Spices with antimicrobial action include garlic, ginger, black pepper, clove, oregano, thyme, nutmeg, cinnamon, allspice, bay leaves, mustard, rosemary, bishop’s weed, chilli (also called cayenne or red pepper), horseradish, cumin, black cumin, pomegranate seeds, onion, celery, geranium and many others. Some spices by themselves have weak antimicrobial effects that become much stronger when combined with other spices. (These combinations are said to be synergistic, because the combination is greater than the sum of the individual parts.) Chili powder is a synergistic combination typically consisting of red pepper (cayenne), onion, paprika, garlic, cumin and oregano. Five-spice powder is a synergistic combination of pepper, cinnamon, anise, fennel and cloves. Most people think that the combination of spices known as curry powder originated in India.

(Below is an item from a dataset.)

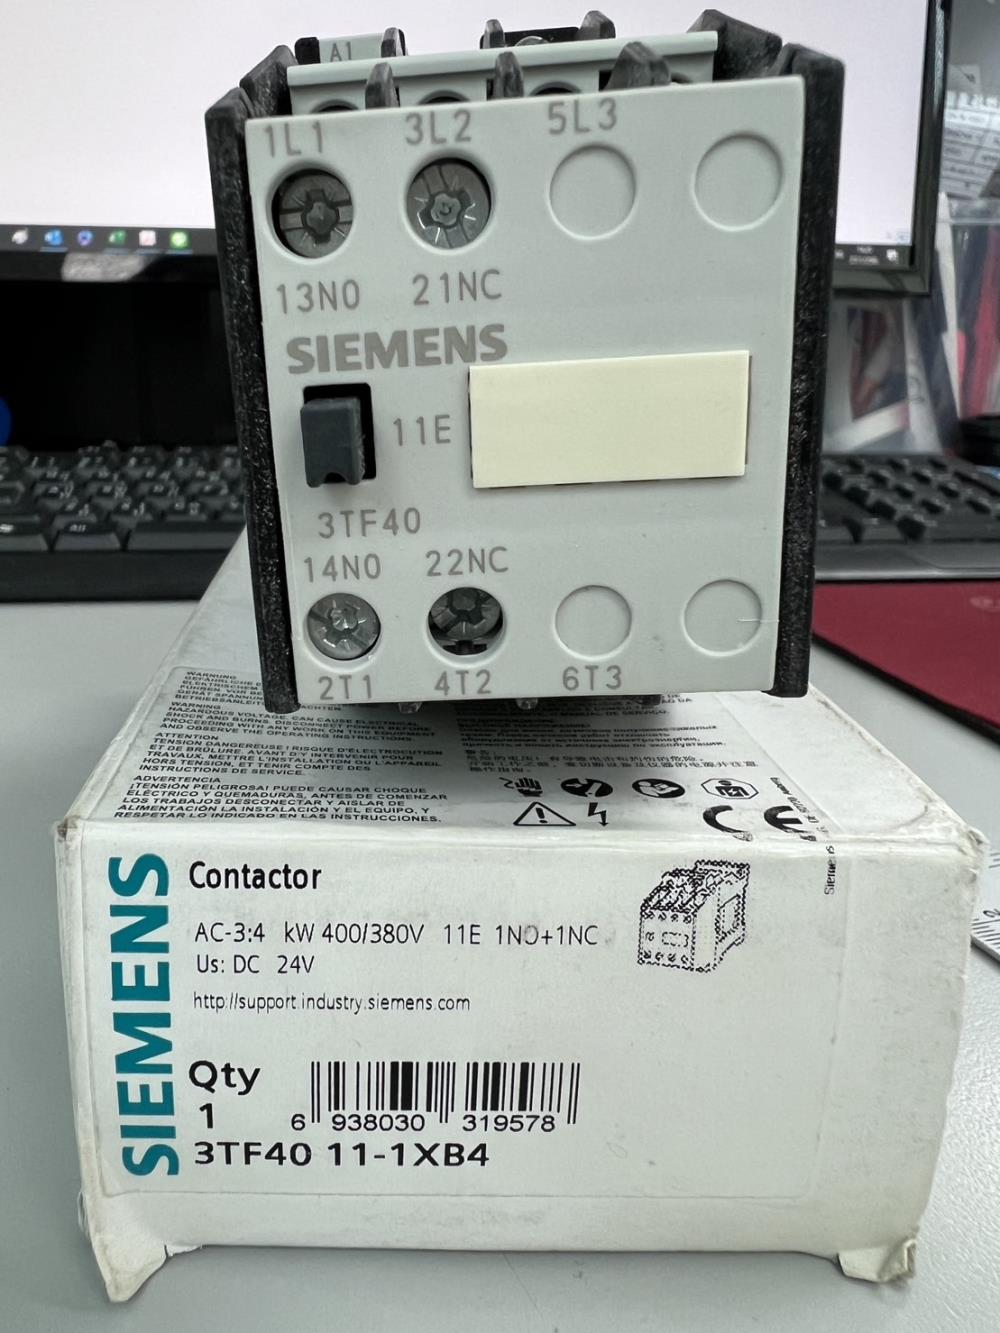 Siemens 3TF4011-1XB4 Contactor,Siemens 3TF4011-1XB4 Contactor Contactor AC-3:4 kW 400/380V 11E 1 NO + 1 NC Us: DC 24 ,Siemens 3TF4011-1XB4 Contactor,Automation and Electronics/Access Control Systems

But curry is actually a Western blend devised during colonial times combining the best spices from India. Curry powder recipes vary slightly, but turmeric is always a key ingredient in the blend. The usual recipe for curry powder in the West consists of turmeric, cardamom, cumin, fenugreek and chilles. Other herbs that are commonly included in curry blends include ginger, garlic, coriander, cloves, nutmeg, mustard, black pepper, fennel, and others. 

We can extend the shelf-life of our homemade jerky with the judicious use of spices. Salt and pepper, either black or red, are key ingredients. The other spices that I prefer include garlic, ginger, and turmeric. I also like the spice blends mentioned above, curry powder, chili powder and five-spice powder. If a liquid marinade is to be employed soy sauce may be used as the source of salt.